**PROVIDED RECORDS**
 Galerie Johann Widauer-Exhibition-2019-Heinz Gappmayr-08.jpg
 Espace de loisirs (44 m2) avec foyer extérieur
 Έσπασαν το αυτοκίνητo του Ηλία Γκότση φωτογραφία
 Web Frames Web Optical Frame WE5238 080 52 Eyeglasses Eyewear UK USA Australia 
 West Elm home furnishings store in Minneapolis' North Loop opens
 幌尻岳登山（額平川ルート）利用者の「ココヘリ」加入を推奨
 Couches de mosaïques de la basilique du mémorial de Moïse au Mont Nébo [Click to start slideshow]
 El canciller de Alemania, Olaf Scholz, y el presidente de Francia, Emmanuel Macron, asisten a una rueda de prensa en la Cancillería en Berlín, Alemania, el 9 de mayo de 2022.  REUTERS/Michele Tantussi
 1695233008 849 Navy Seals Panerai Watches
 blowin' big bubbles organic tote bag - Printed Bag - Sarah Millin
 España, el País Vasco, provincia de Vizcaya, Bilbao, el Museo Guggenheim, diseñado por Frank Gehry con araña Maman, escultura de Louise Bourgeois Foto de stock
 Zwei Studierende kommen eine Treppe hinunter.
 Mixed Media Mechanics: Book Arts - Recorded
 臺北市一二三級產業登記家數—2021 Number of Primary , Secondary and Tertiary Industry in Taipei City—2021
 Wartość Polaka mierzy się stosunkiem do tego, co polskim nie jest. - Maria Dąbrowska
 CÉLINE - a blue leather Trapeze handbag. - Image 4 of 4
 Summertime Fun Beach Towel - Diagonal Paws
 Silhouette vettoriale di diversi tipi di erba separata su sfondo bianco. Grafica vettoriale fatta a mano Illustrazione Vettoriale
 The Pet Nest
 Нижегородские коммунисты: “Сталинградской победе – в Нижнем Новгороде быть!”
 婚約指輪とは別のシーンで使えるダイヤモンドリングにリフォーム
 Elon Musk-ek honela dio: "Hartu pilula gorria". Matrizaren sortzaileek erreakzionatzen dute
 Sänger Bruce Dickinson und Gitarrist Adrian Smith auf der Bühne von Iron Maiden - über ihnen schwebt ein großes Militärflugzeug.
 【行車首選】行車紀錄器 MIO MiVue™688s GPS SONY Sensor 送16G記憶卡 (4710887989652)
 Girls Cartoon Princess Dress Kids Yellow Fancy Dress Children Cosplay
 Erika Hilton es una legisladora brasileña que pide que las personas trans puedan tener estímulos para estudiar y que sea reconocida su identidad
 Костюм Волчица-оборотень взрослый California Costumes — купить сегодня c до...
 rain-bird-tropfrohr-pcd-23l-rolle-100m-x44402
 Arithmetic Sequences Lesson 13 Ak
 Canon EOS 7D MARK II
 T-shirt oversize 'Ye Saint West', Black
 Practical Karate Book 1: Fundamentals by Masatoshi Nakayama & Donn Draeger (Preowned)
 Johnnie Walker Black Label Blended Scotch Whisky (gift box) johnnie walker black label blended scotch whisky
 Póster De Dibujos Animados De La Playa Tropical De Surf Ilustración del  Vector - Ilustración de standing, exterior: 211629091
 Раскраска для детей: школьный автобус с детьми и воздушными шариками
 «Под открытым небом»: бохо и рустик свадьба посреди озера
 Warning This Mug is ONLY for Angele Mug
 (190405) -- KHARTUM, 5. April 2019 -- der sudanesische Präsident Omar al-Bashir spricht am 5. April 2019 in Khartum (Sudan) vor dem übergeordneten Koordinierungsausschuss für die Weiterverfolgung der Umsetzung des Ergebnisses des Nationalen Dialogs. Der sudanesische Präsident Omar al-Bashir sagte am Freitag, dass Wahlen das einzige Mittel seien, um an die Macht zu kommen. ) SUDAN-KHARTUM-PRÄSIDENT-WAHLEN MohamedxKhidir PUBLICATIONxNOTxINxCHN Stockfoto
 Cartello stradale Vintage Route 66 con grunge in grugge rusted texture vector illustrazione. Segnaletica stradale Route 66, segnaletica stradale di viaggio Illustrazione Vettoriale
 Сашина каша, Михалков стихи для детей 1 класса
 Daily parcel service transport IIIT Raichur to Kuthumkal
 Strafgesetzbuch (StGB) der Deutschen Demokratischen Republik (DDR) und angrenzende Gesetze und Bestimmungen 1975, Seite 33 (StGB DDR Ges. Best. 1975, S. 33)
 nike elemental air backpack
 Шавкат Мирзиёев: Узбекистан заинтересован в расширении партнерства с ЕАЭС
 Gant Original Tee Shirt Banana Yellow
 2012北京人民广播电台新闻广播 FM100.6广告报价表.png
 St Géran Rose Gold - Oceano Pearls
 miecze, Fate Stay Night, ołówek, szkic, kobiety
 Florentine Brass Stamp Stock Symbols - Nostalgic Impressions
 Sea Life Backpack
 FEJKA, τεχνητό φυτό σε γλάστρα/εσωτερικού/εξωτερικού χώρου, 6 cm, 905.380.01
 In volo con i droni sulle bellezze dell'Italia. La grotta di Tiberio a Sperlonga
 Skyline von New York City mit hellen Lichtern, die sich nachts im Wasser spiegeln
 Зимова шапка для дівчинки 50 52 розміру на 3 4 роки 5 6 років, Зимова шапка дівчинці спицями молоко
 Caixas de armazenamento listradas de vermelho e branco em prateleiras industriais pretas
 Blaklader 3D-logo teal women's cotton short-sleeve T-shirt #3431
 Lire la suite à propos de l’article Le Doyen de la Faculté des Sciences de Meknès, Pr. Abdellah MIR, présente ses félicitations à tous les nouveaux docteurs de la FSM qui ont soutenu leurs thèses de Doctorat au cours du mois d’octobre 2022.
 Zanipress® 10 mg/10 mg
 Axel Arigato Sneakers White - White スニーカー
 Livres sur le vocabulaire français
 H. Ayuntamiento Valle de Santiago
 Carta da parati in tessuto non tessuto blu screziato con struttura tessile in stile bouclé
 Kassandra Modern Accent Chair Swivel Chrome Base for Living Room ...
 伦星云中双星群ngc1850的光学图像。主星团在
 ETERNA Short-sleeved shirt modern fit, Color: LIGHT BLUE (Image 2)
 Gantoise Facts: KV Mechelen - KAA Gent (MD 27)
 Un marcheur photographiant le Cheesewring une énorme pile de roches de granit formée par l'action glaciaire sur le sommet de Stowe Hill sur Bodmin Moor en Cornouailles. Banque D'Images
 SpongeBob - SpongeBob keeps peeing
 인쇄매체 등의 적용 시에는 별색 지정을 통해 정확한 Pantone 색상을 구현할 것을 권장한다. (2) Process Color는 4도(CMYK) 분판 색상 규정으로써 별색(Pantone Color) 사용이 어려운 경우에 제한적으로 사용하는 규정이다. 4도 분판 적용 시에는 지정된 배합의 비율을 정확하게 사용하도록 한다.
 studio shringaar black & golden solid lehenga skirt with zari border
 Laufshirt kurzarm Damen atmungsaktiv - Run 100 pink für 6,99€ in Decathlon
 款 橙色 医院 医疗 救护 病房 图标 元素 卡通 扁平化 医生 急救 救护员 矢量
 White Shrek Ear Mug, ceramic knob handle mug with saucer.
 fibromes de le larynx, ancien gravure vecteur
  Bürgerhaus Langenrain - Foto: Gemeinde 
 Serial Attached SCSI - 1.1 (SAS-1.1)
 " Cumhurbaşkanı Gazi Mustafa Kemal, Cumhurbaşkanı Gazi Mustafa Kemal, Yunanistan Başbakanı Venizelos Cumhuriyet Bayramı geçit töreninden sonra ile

**AIM OF THE TASK**
Scan the listing above for the line that has "SpongeBob - SpongeBob keeps peeing", then copy exactly from that line through the line that has "款 橙色 医院 医疗 救护 病房 图标 元素 卡通 扁平化 医生 急救 救护员 矢量".

**SOLUTION FOR THIS TASK**
 SpongeBob - SpongeBob keeps peeing
 인쇄매체 등의 적용 시에는 별색 지정을 통해 정확한 Pantone 색상을 구현할 것을 권장한다. (2) Process Color는 4도(CMYK) 분판 색상 규정으로써 별색(Pantone Color) 사용이 어려운 경우에 제한적으로 사용하는 규정이다. 4도 분판 적용 시에는 지정된 배합의 비율을 정확하게 사용하도록 한다.
 studio shringaar black & golden solid lehenga skirt with zari border
 Laufshirt kurzarm Damen atmungsaktiv - Run 100 pink für 6,99€ in Decathlon
 款 橙色 医院 医疗 救护 病房 图标 元素 卡通 扁平化 医生 急救 救护员 矢量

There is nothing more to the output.